As well as in these sound health measures across the board, Cybersecurity education, anti-phishing, phishing awareness, attack awareness. Good measures to harden the attack surface generally and to maintain that visibility into the adversary landscape that I mentioned earlier.

Eric Hanselman

So one of the things that I also want to just touch on before we close up was we're getting a lot of inbound inquiry around providing assistance. Especially in a conflict of this nature where there clearly is so much suffering. And I just mostly want to identify that from a technology perspective, there's not much I think that from our team we're specifically aware of.

Other than looking out for the refugees from the conflict and offering them as much support as possible. As far as where that goes, we'll have to see sort of where that shakes out. But again, I don't know if either of you have thoughts on what are next steps?

Johan Vermij

I absolutely agree, Eric, that we should keep the refugees and the people still in close proximity to the conflict in our thoughts and prayers. And for now, I think the tech community, there's not a lot we can do to change the outcome of this conflict. But I think there will be a role to play when this is settled in rebuilding Ukraine, for instance.

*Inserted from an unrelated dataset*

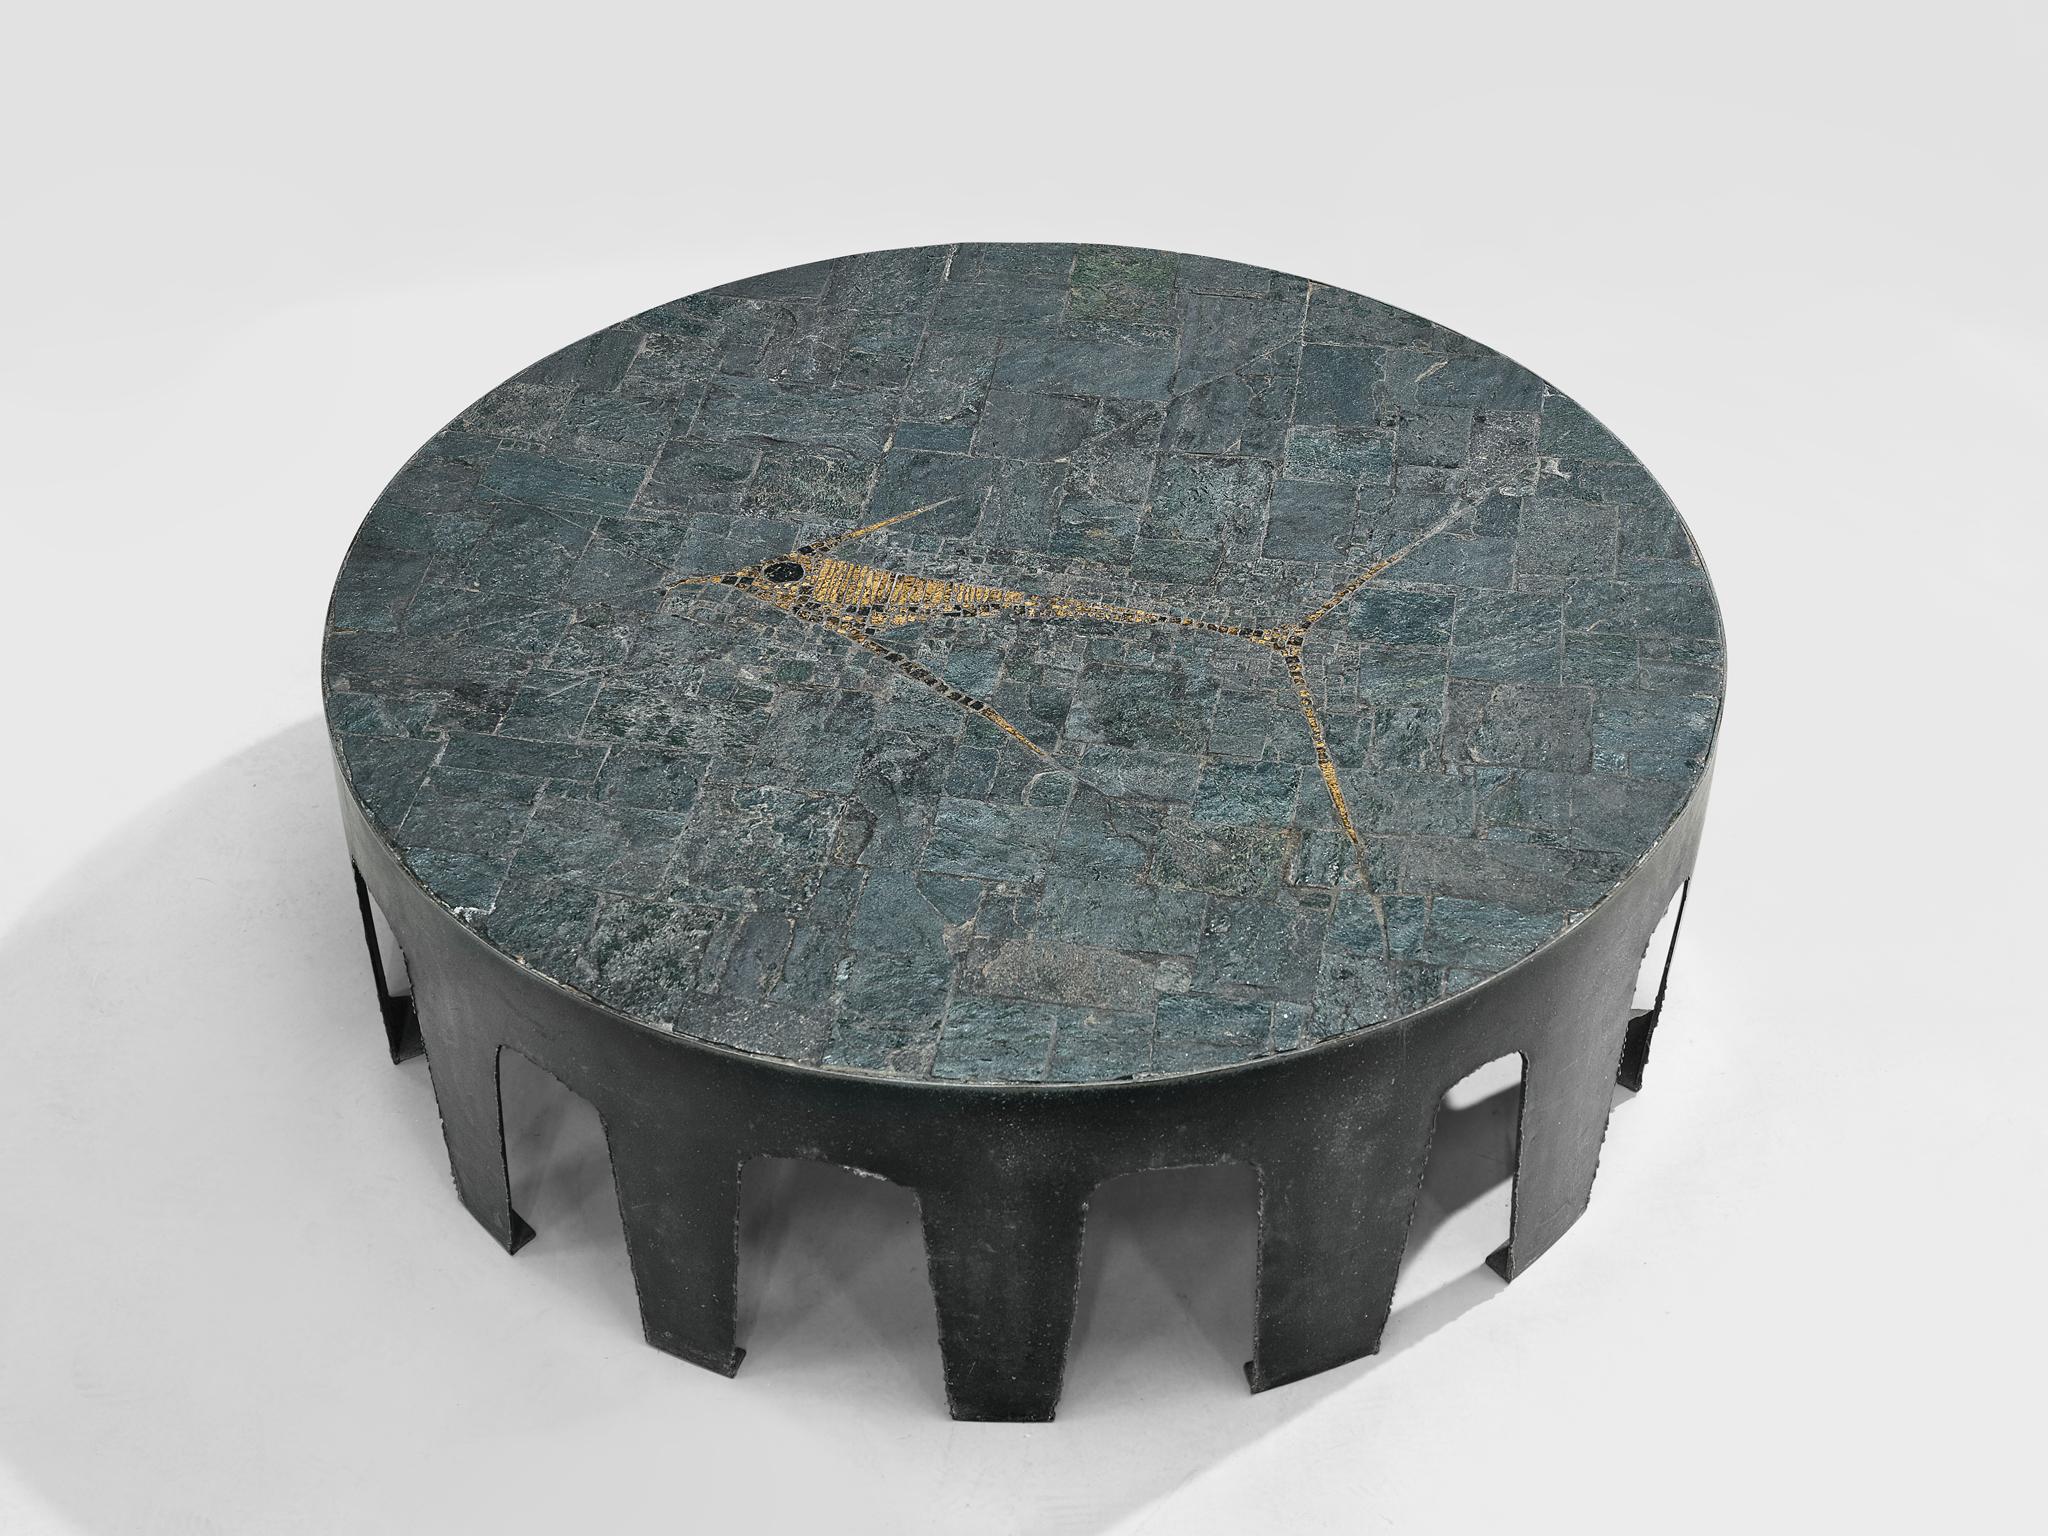 Pia Manu, coffee table, slate, pyrite, iron, Belgium, 1960s

This unique, handmade coffee table with cut and wrought iron frame is designed in the workshop of Pia Manu. First off, the tabletop is what catches your eye. With its subtle tones of black

The country has lots of IT specialists, major IT hubs in Kyiv, Lviv, Odessa and Kharkiv with many, many educated, highly educated and scientifically educated developers and security specialists. So it would be an option for the technology community to use that skill set that we lack and leverage to rebuild that country.

Eric Hanselman

That's a really good point that's -- and again, I think one of the things we've seen from the technology side is that there has been such a strong connectivity in the tech community. But that it's going to be that rebuilding and restoration process, which is a lot of that focus. Yes, a good point. Thanks, Johan.

Scott Crawford

Yes. I would just underscore that. I've worked in the past with organizations affiliated with the United Nations. I know there is a pretty solid international structure for support, but that's not -- organized and institutionalized approaches aren't the only recourse.

And in fact, the security community is doing pretty good about looking out for its own. And so if there's anything I would say is just keep in touch with the people that you know. Be available to be of service in any way that you can to those who need it and just keep your ears and eyes open for opportunity as it arises.

Eric Hanselman

Thanks, Scott. I think these are important thoughts to keep in mind. Well, I want to thank you both for being on the podcast. That is it for this episode of Next in Tech. Thanks to our audience for staying with us.

I want you to join us for our next step episode where we'll be talking about technology hiring with Nathan Goodwin and really identifying what this transition is for what's been a challenging environment. I hope you'll join us then because there is always something Next in Tech.